Are mostly U.S. citizens. An infographic posted online by the program shows that nearly three out of four of the accused are U.S. citizens. A few more are permanent residents, and the few outlying others were presumably in the country with temporary permission or illegally.
Come from a few states. A map included with the program’s data shows a disproportionate number of the accused hail from, or allegedly commit their crimes in, just a few states – 28 from New York, 17 from Virginia, 15 from Minnesota, 11 from California, 10 from Florida and nine from Texas. The other cases are scattered around the country but, with the lone exception of a single case in Washington state, the Northwest appears to be free of ISIS-related court proceedings. This does not mean those states are free of alleged jihadist sympathizers, however, as then-FBI Director James Comey said in 2015 that there were ongoing FBI investigations in all 50 states related to radicalized U.S. persons.
Are Not Necessarily Planning a Terror Attack at Home. At least at the time they were charged, prosecutors did not formally accuse about two-thirds of those arrested for actively plotting an attack. Many, 41 percent of the total, sought to travel abroad, presumably to the Middle East, to join ISIS there. Others were accused of attempting to support ISIS financially and otherwise. But there’s a fuzzy line between supporting a terror group and being willing to carry out an attack on their behalf. Officials and experts have bemoaned the difficulty in judging when to arrest an alleged extremist – too early, and they’ll be charged with lesser crimes and not face as harsh a sentence; too late and it could risk a surprise terrorist attack. The program said that on average, those who have been convicted in ISIS-related cases are sentenced to 13 years in prison.

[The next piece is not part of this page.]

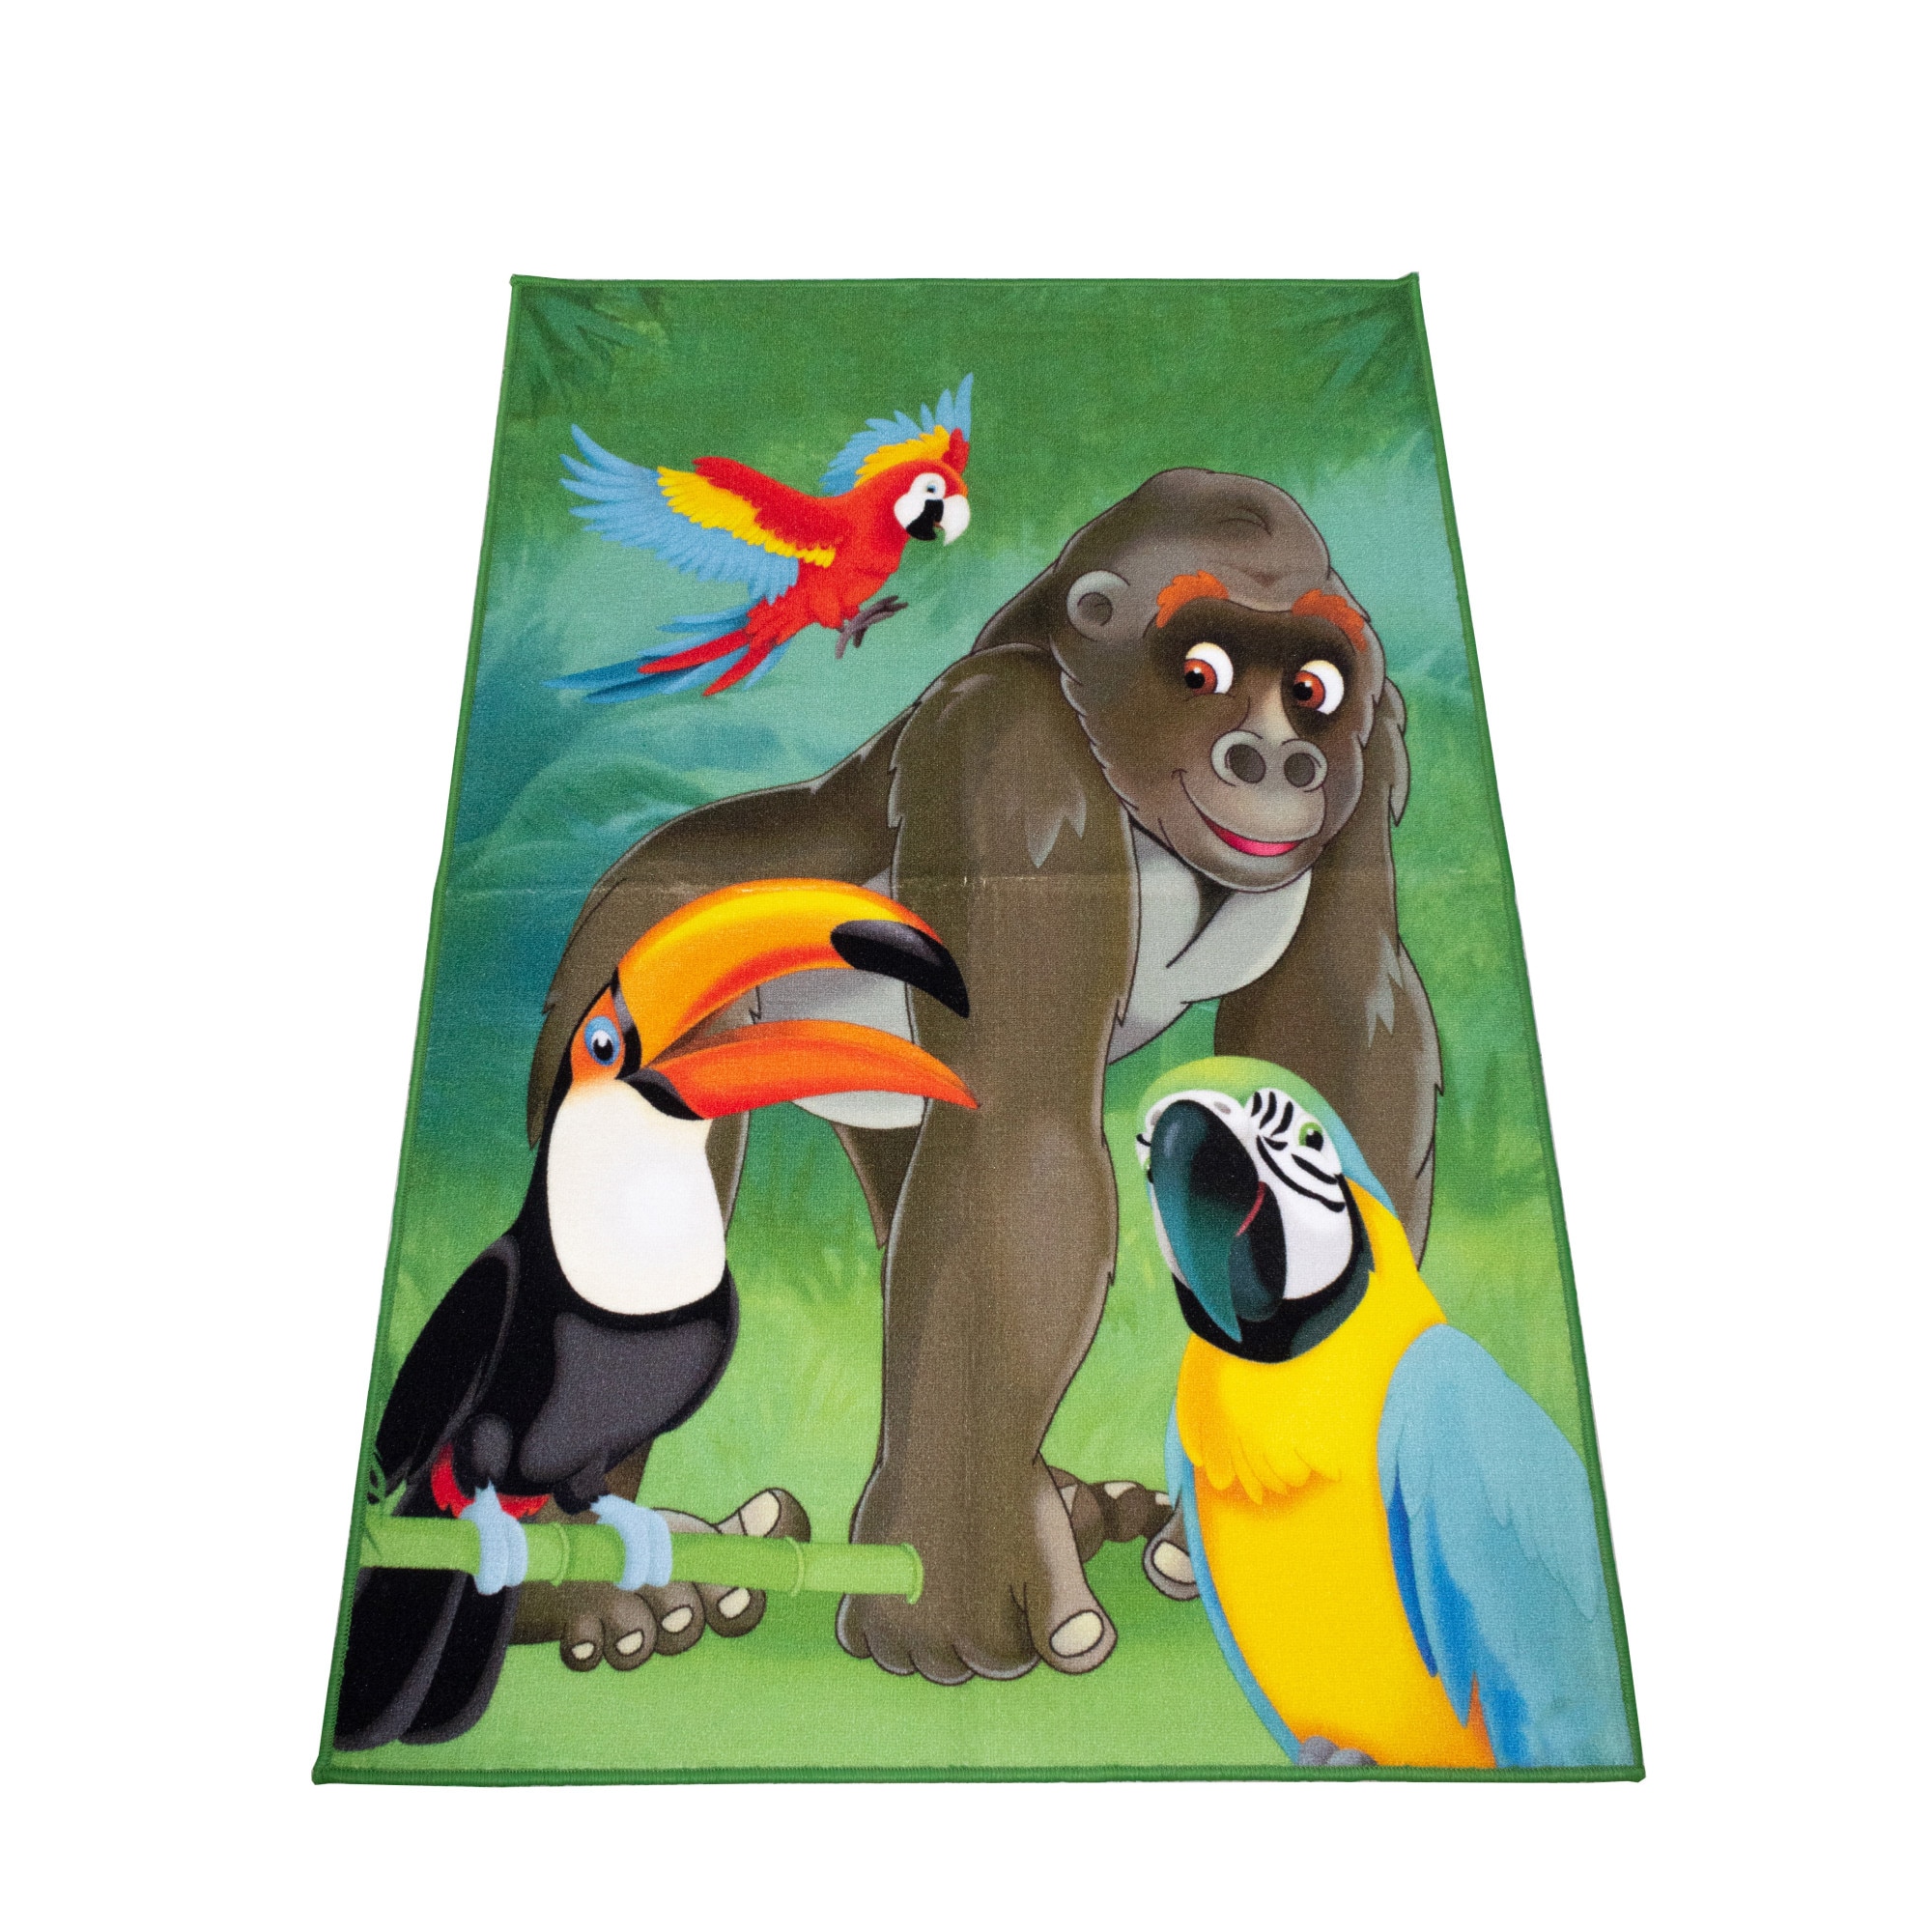 Covor copii Brill Gorilla, 130x190 cm, grosime  mm, tip printed,  poliester, lavabil, aspect lucios, antiderapant, 1000g, model gorila -

Put their trust the wrong confidant. How does law enforcement catch all these guys? In a slight majority of the cases, 57 percent, the operation involved the use of an undercover officer or an informant. Employing of undercover officers and informants can be controversial, especially when cases emerge in which the defense argues entrapment – that the accused would not have gone ahead with whatever illegal action had they not been egged on by the law enforcement influence. In American Radical, an undercover FBI agent going by the pseudonym Tamer Elnoury wrote about infiltrating an extremist cell bent on a terror attack in Canada and talked about the delicate balance of projecting himself as a like-minded radical while still ensuring his mark was plotting on his own accord – including asking him directly if he was sure he wanted to go through with it. “Basically, if [he] didn’t waver and back out, then there was no defense for his actions. I didn’t entrap him,” Elnoury wrote. “He was plotting to murder hundreds of innocent people. I used this technique as a final nail in the coffin.”
Going away? When the program began tracking the demographics in 2014, 17 individuals in America were arrested that year. That number jumped to 65 in 2015 and then settled just under 40 in 2016 and 2017. But so far in 2018? Only three. The drop-off coincides with ISIS’s defeat in the Middle East, but it’s unlikely security officials are getting too optimistic. In 2016 Comey told lawmakers that within the next two to five years the West would see a “terrorist diaspora” of fighters who went to Iraq and Syria and would come home. “The so-called caliphate will be crushed. The challenge will be: through the fingers of that crush are going to come hundreds of very, very dangerous people,” he said.